Digitaler Pranger: Wie man schnell mal ein Menschenleben zerstört

Liebe Followers, eben erreichte mich folgende Facebookmail : [hier stand der volle Name], wohnhaft in [hier stand ein Ort] schrieb:“ Willst du mal einen schönen Schw*** sehen, Gerade geduscht und frisch rasiert.“ Zusätzlich hat er noch eine Datei mitgeschickt, die ich nicht öffnen werde.

NEIN HERR [Name], ich möchte weder Ihr Geschlechtsteil,noch die Geschlechtsteile anderer Fans sehen.

Anzeige folgt.

Diesen Eintrag sendete Hochsprung-Europameisterin Ariane Friedrich letzte Woche an ihre damals* 10.000 Fans bei Facebook. Ihr Ziel: Den Namen des vermeintlichen Perverslings in den Cyberspace zu katapultieren, wohl als Abschreckung für andere . Dass diese vier Zeilen ihren eigenen Namen in fast alle Blätter der Republik katapultieren würden, hätte sie wohl nicht gedacht.

Für ihre Aktion bekommt die Sportlerin viel Beifall (8.000x „gefällt mir“ auf diesen Eintrag) – aber auch viel Kritik. Was problematisch an ihrer Vorgehensweise ist, liegt auf der Hand: Bei der Anmeldung bei Facebook muss sich niemand ausweisen. Jeder kann sich als Hans Dampf, Helmut Kohl oder Ariane Friedrich anmelden. Nichts belegt, dass hinter dem Profil von XY auch wirklich ein XY steckt. Und selbst wenn: Es gibt in Deutschland – das haben eifrige Hobbydetektive sofort herausgefunden – mehrere mit diesem Namen, sogar mehrere, die in dem von Friedrich genannten Ort leben. Ob einer von ihnen der Absender der obszönen Nachricht ist? Oder ob der Account nicht einfach von einem halblustigen Zeitgenossen gekapert wurde, weil jemand den Namen seines Hundes als Passwort hat(te)?

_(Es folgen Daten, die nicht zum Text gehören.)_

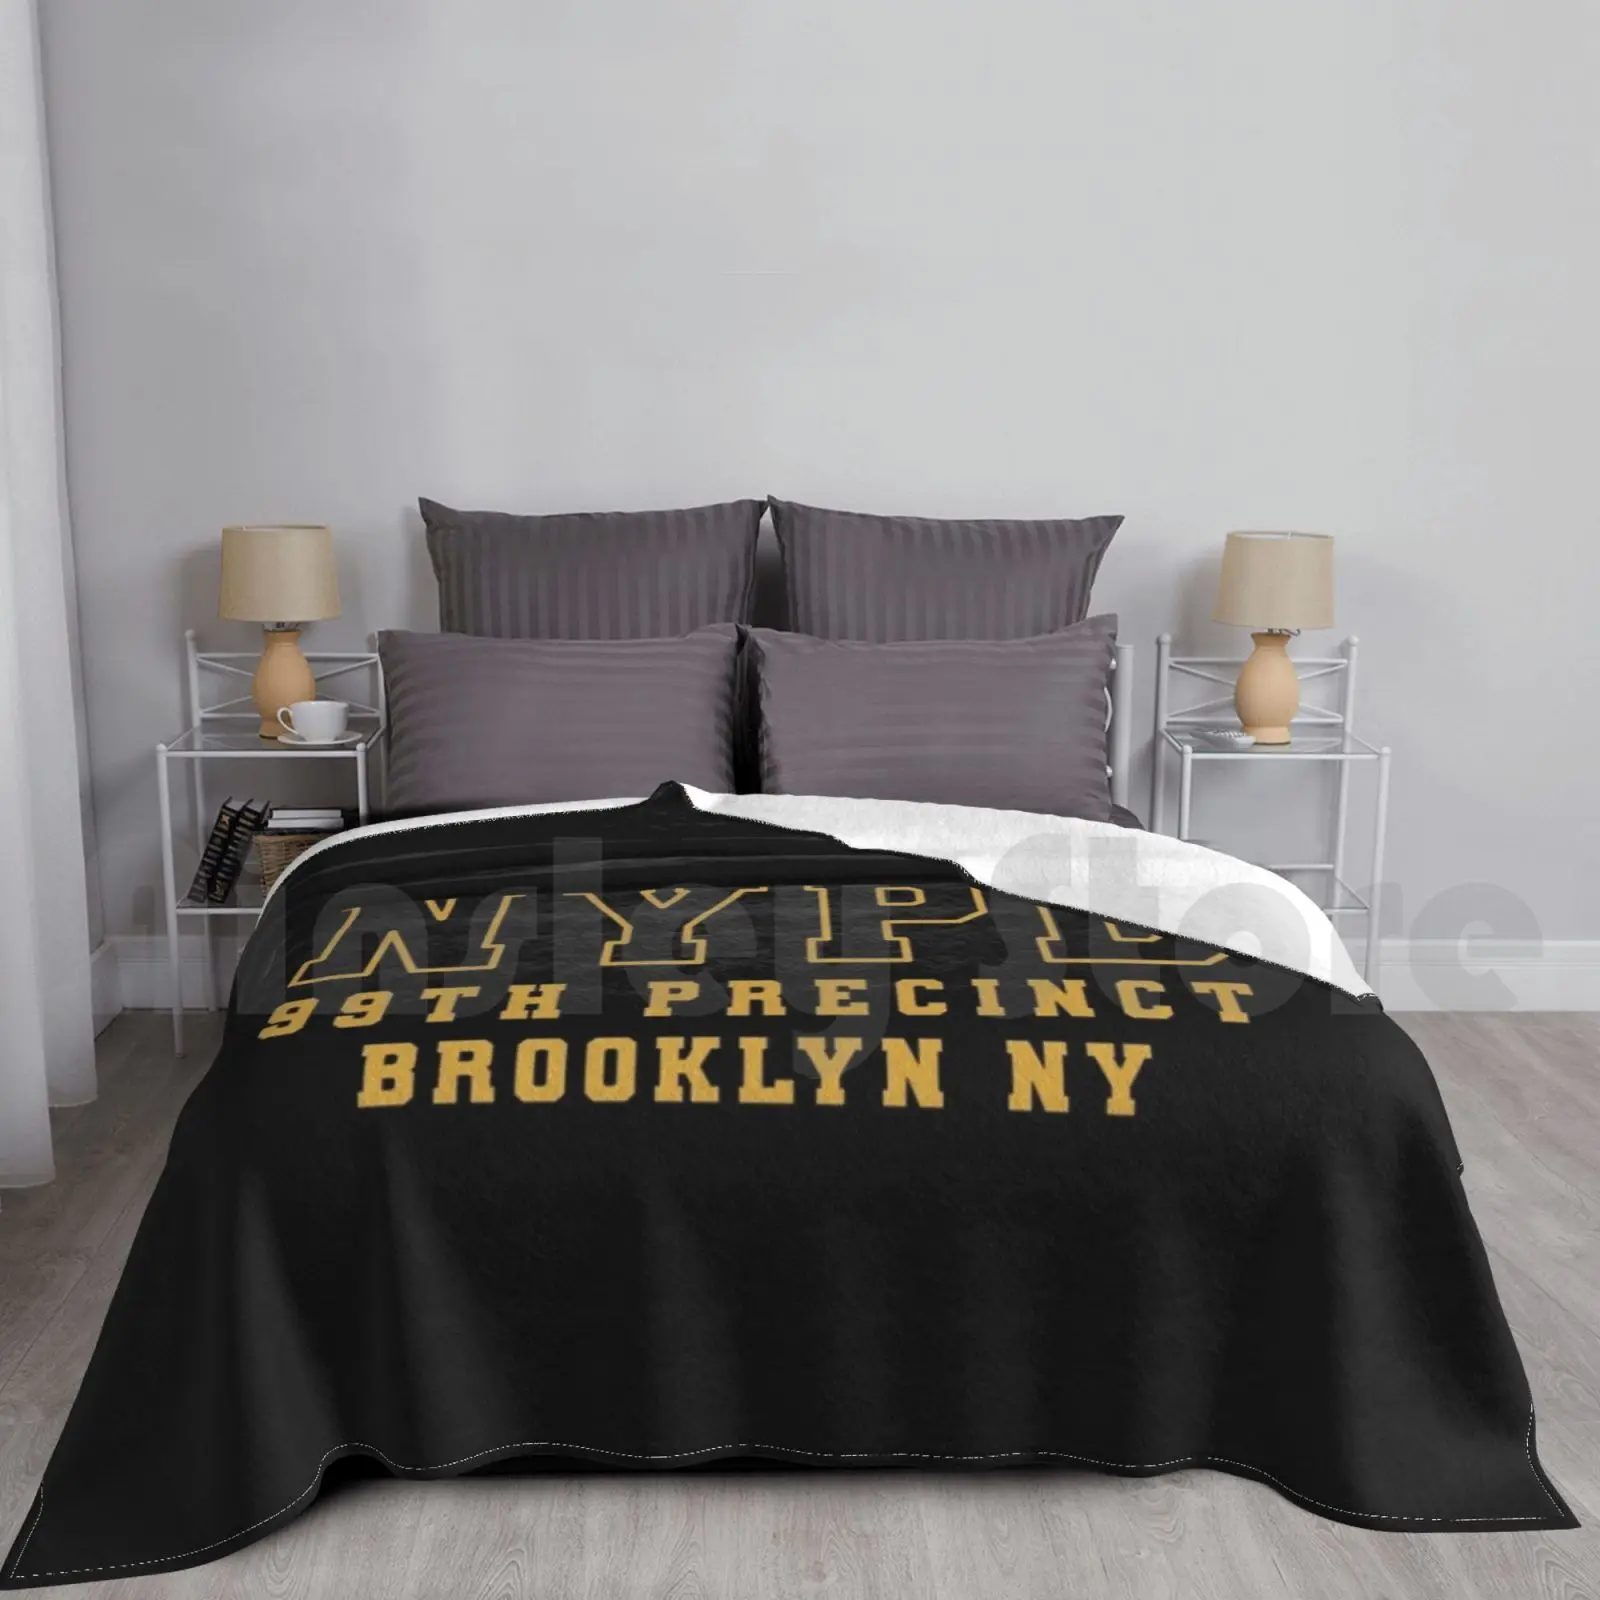 

Модное одеяло 99-го участка полиции Нью-Йорка, полицейский коп-закон 99-го участка девять

Die Bestsellerregale unserer Buchhandlungen sind voll von Romanen, die sich um das finstere Mittelalter mit seinen schnellen Anschuldigungen und Verurteilungen ranken. Warst du unbeliebt (und im Idealfall noch rothaarig), hast du dich schnell auf einem Scheiterhaufen wiedergefunden. Einfach so – der Mob will beruhigt werden. Die Aufklärung hat da zwar einiges an Arbeit geleistet, aber tief drin im Menschen steckt er offensichtlich doch noch, der Drang nach dem schnellen Urteil. Ist ja auch sehr bequem. Diejenigen, die Ariane Friedrich so überschwänglich danken, dass sie es „dem Kerl so richtig gezeigt hat“, denken ziemlich kurz. Was, wenn sich mal jemand unter ihrem Namen bei Facebook anmeldet und Mist baut?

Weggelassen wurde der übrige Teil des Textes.